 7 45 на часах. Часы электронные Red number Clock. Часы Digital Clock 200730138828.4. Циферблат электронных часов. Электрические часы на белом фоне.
* * *
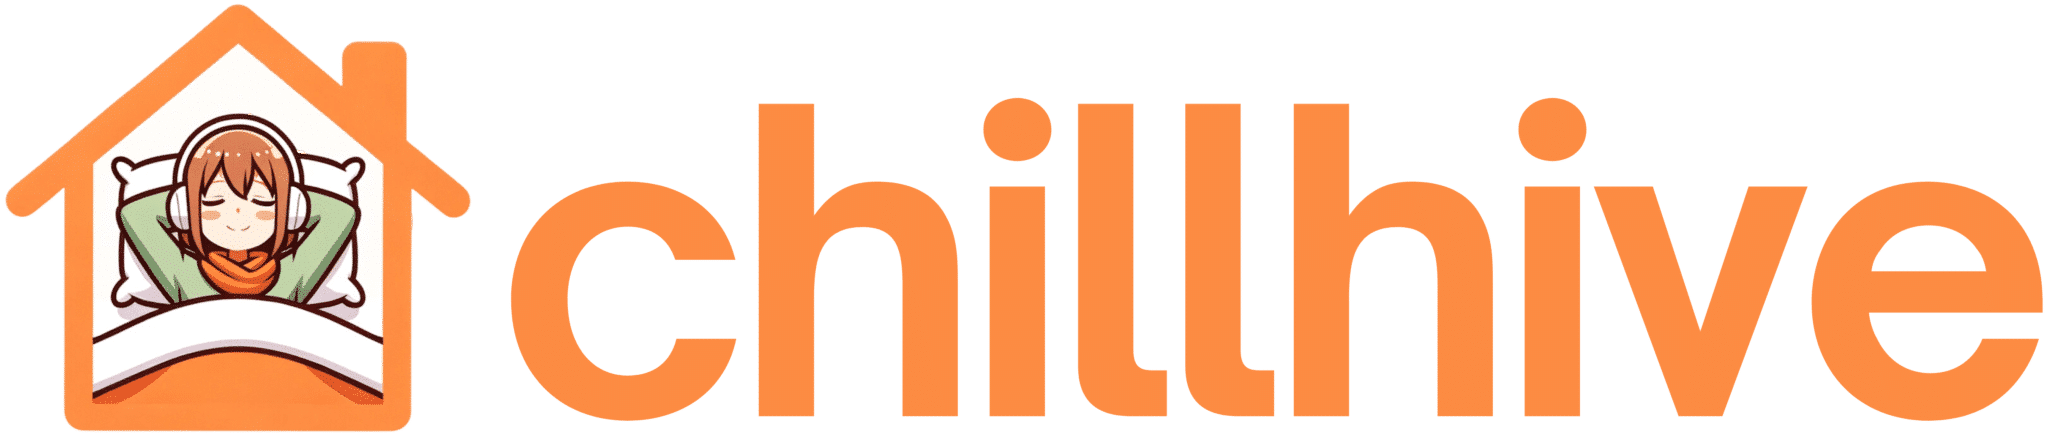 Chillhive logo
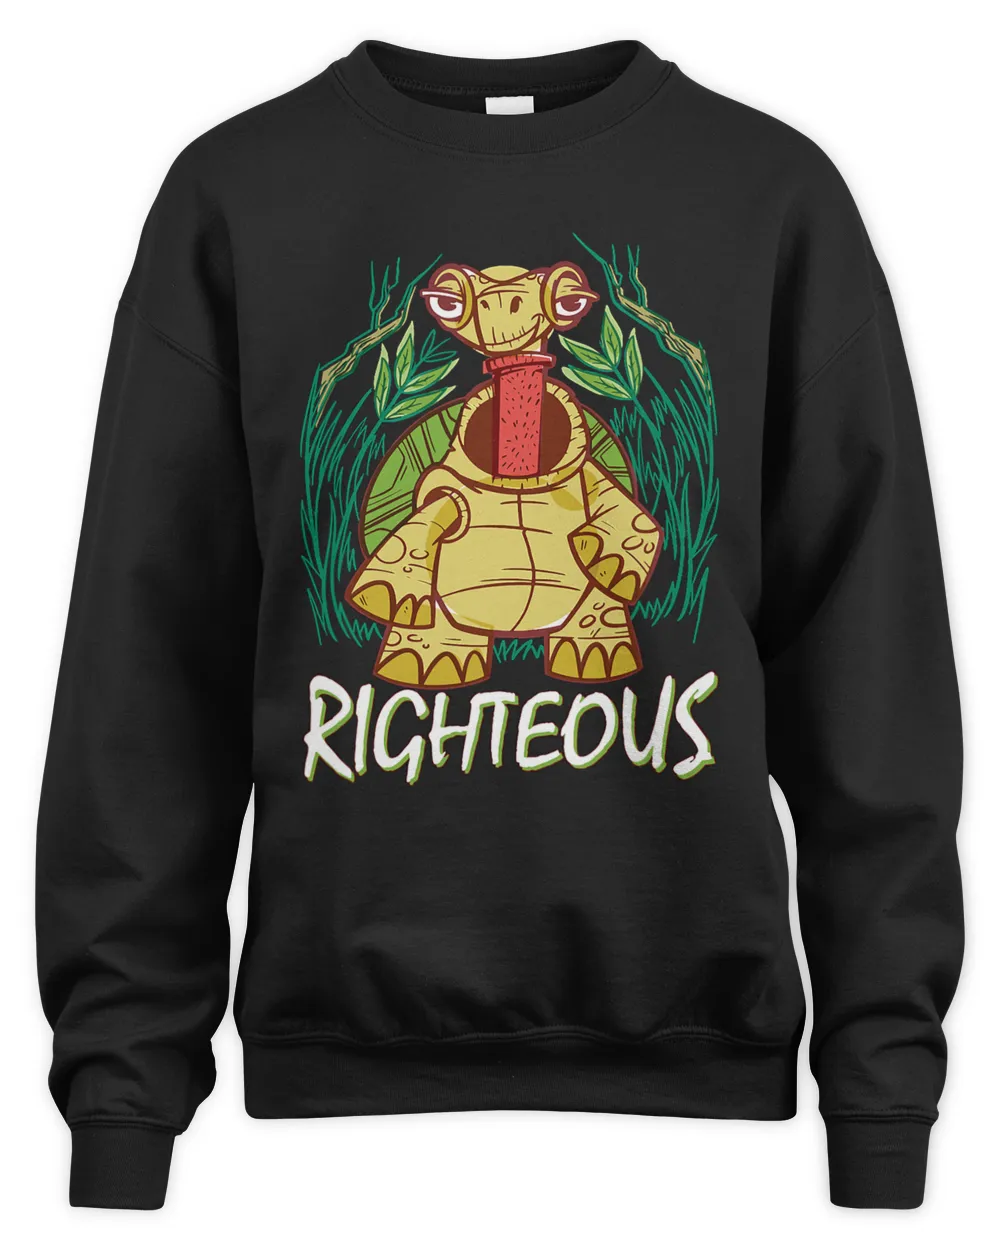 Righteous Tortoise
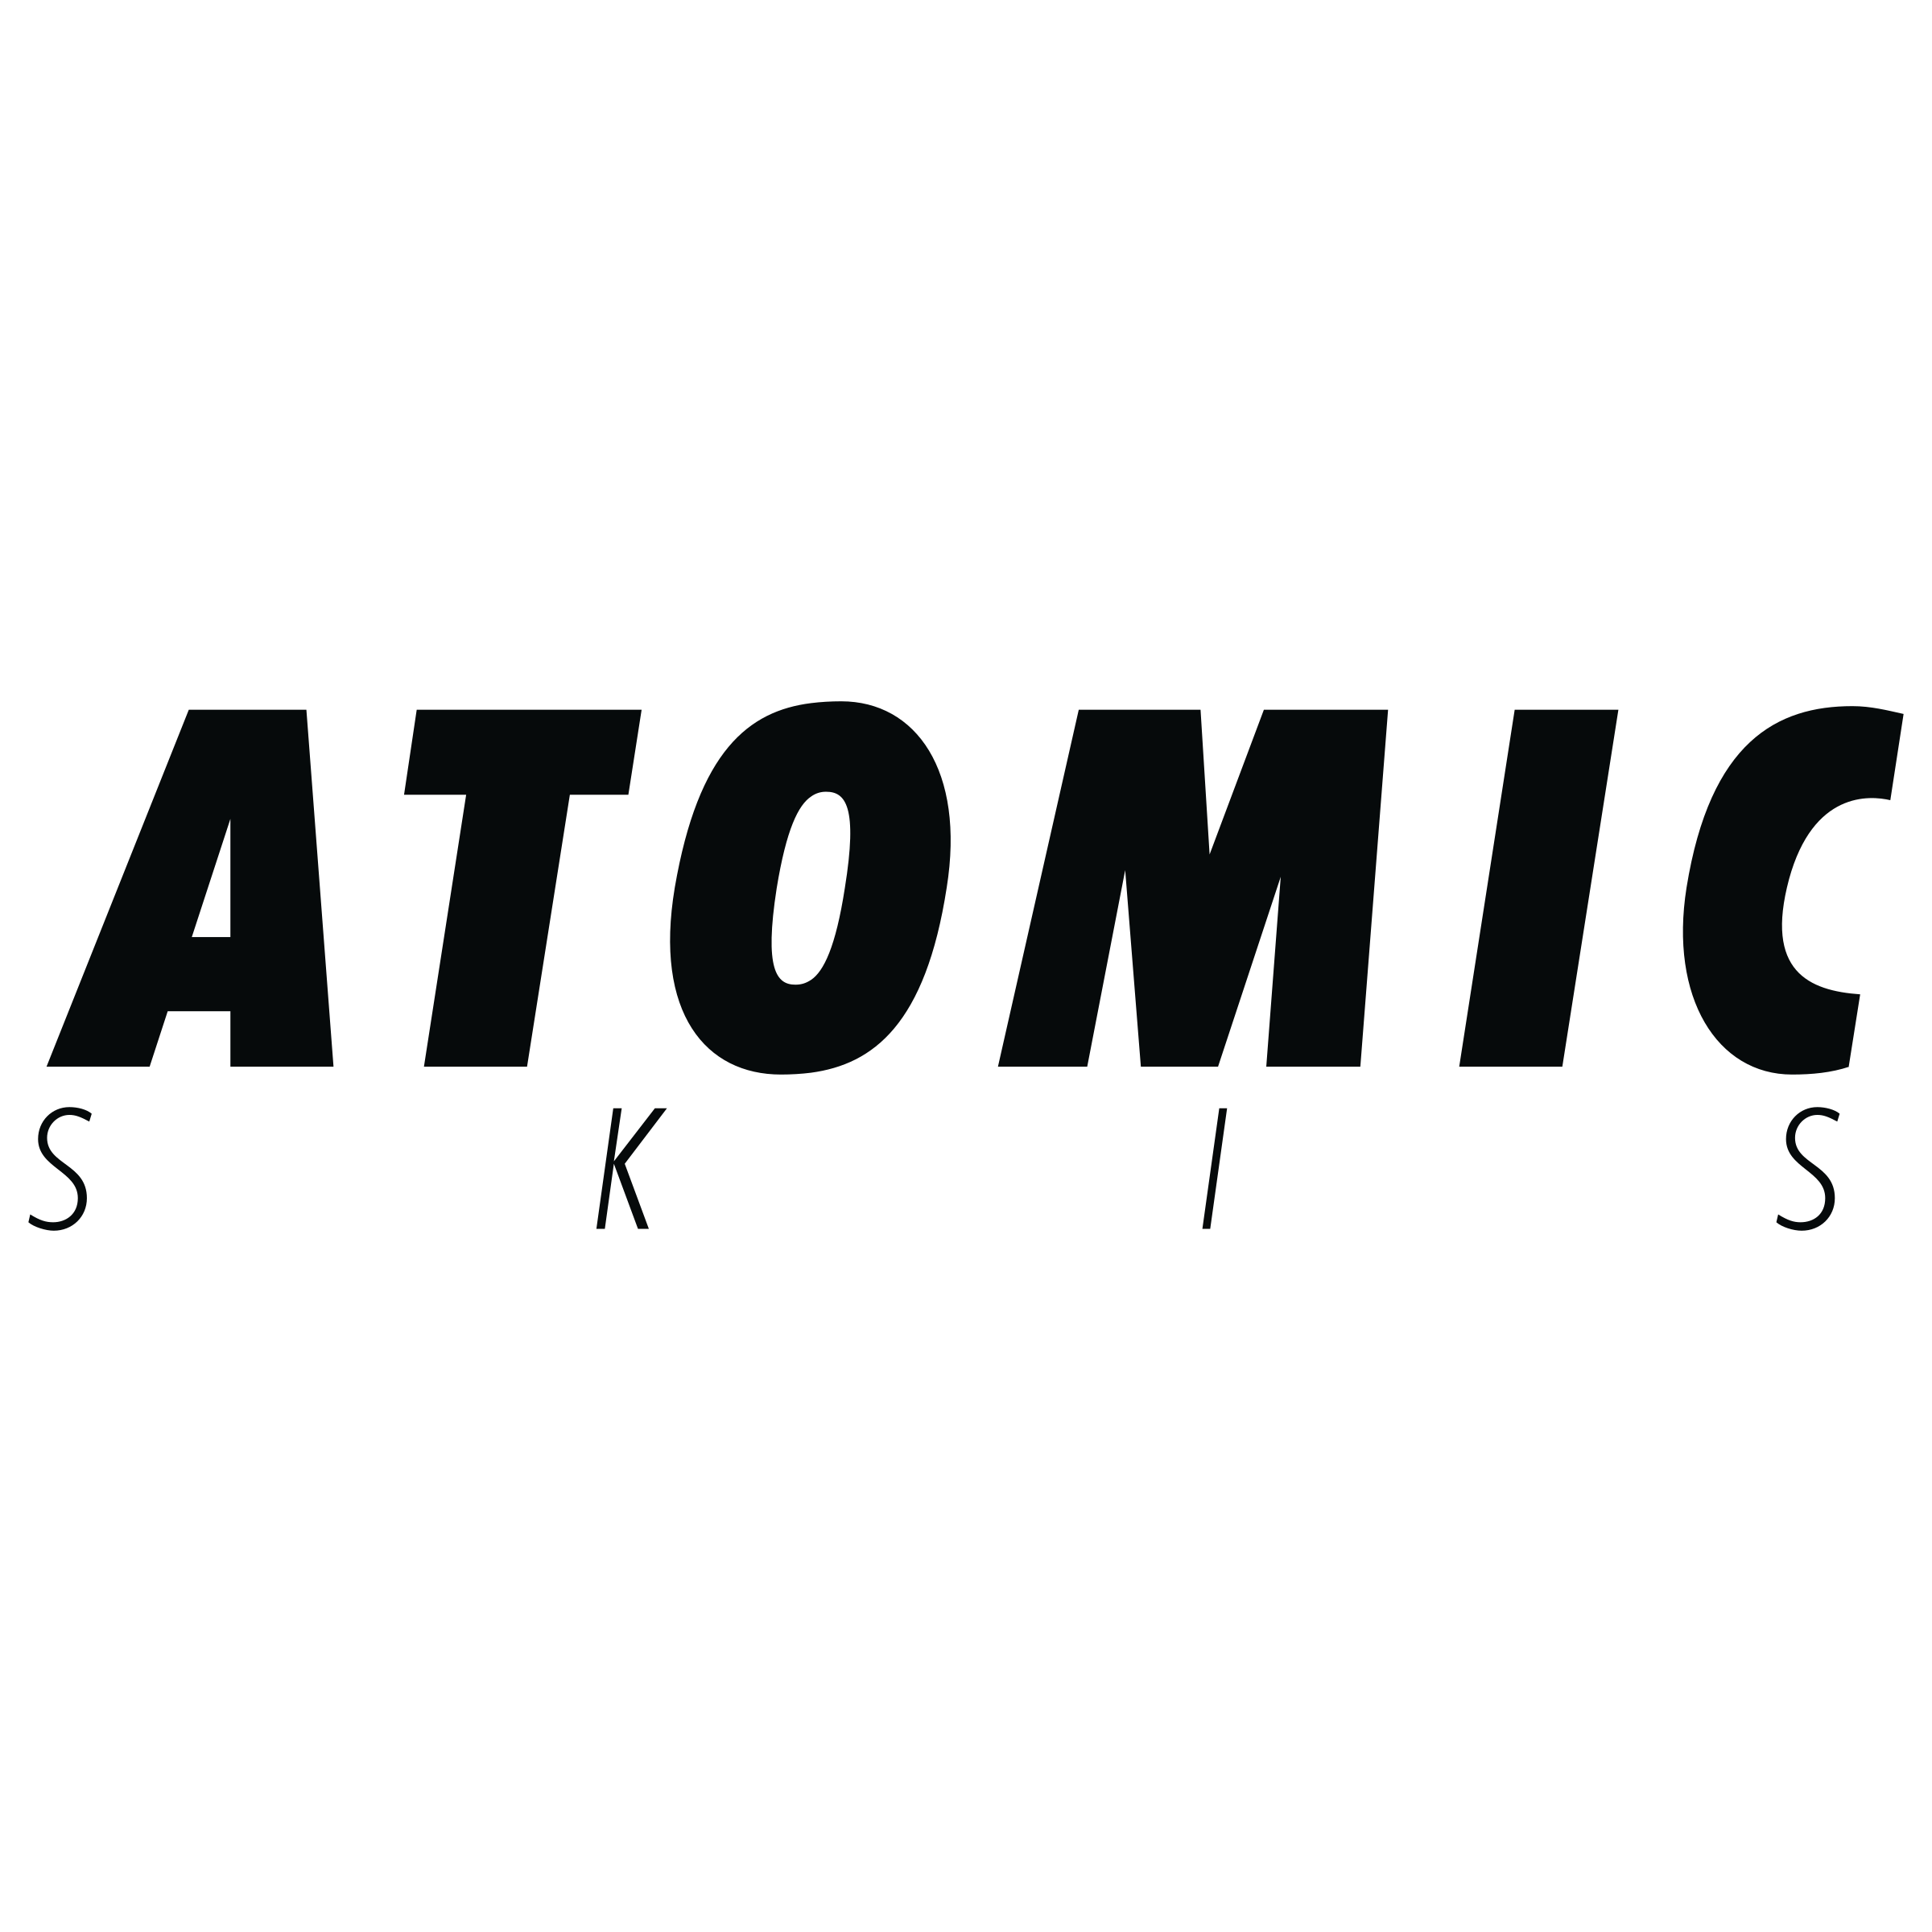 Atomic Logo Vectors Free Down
* * *
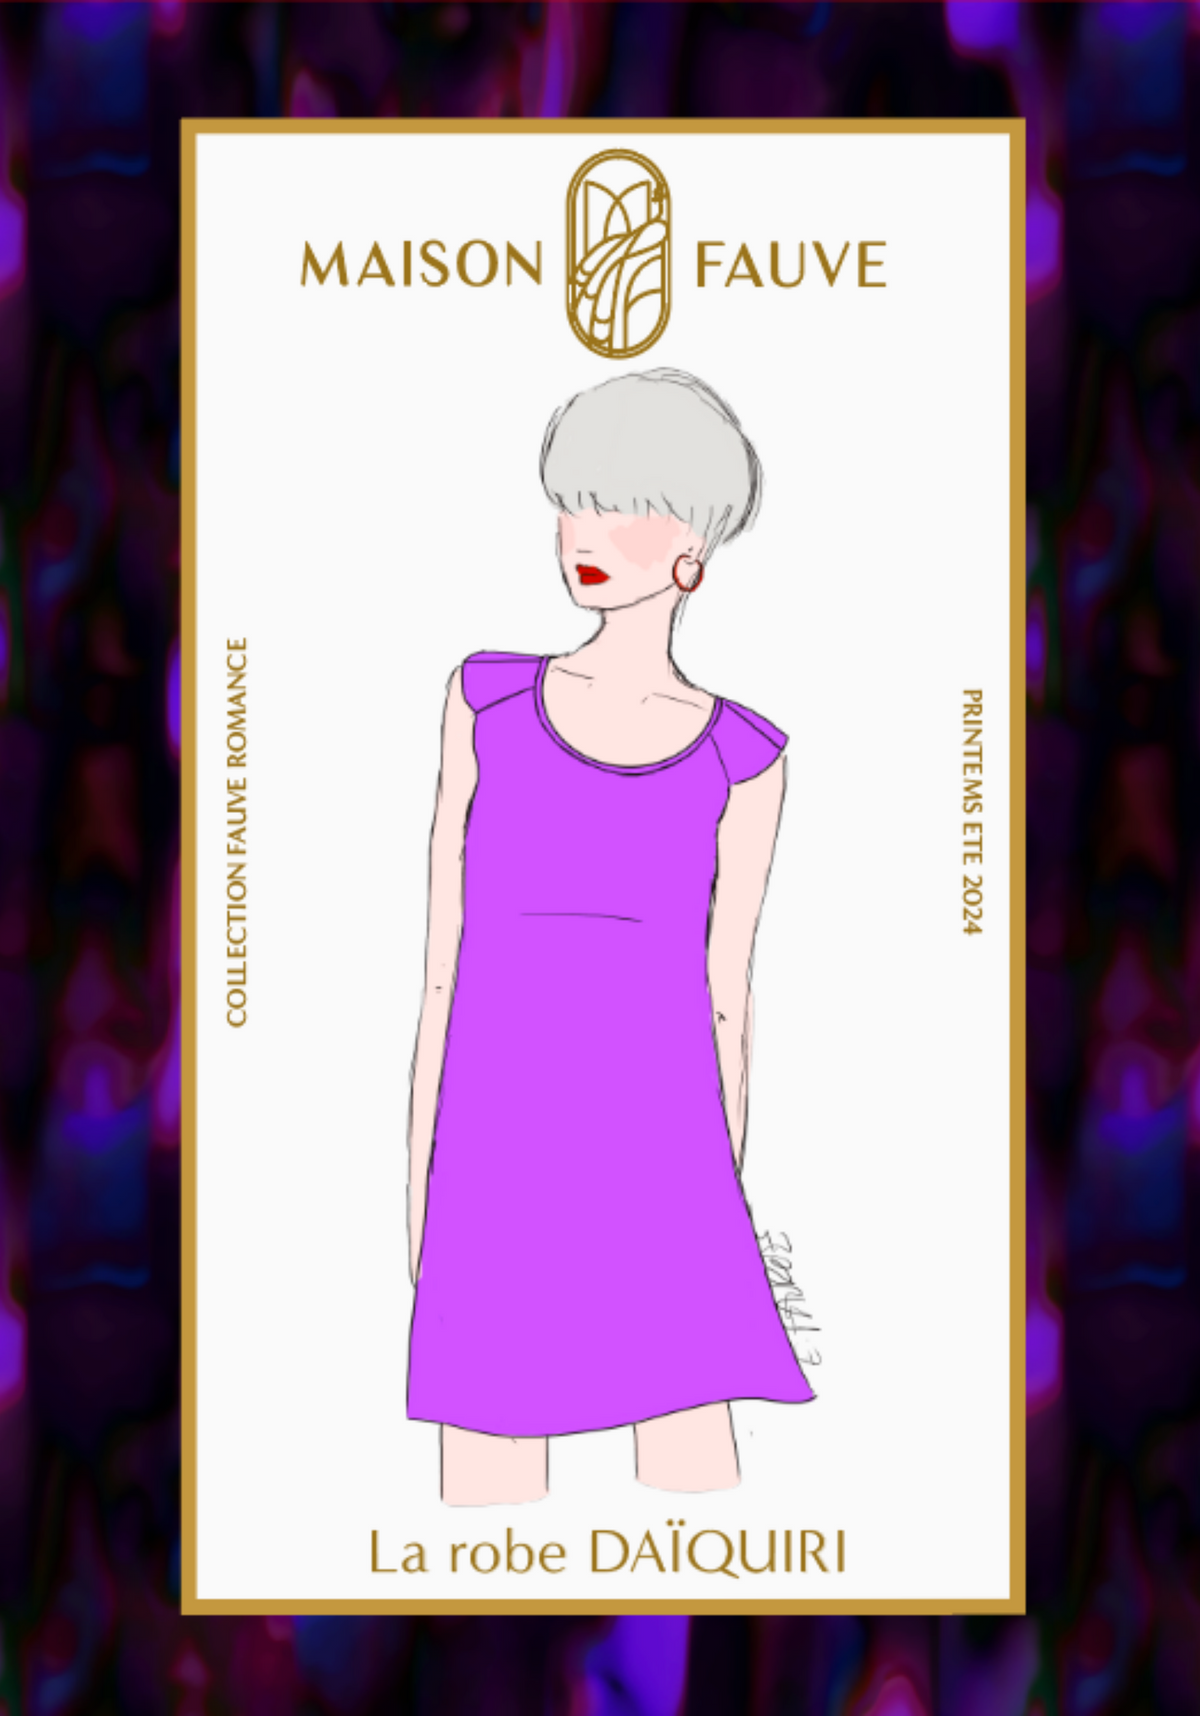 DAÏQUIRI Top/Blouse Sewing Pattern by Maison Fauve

### PROBLEM DESCRIPTION
From the line holding "Chillhive logo" to the line holding "Atomic Logo Vectors Free Down", both included, retype the entries above exactly and drop the pictures.

### ANSWER TO THE PROBLEM
 Chillhive logo
 Righteous Tortoise
 Atomic Logo Vectors Free Down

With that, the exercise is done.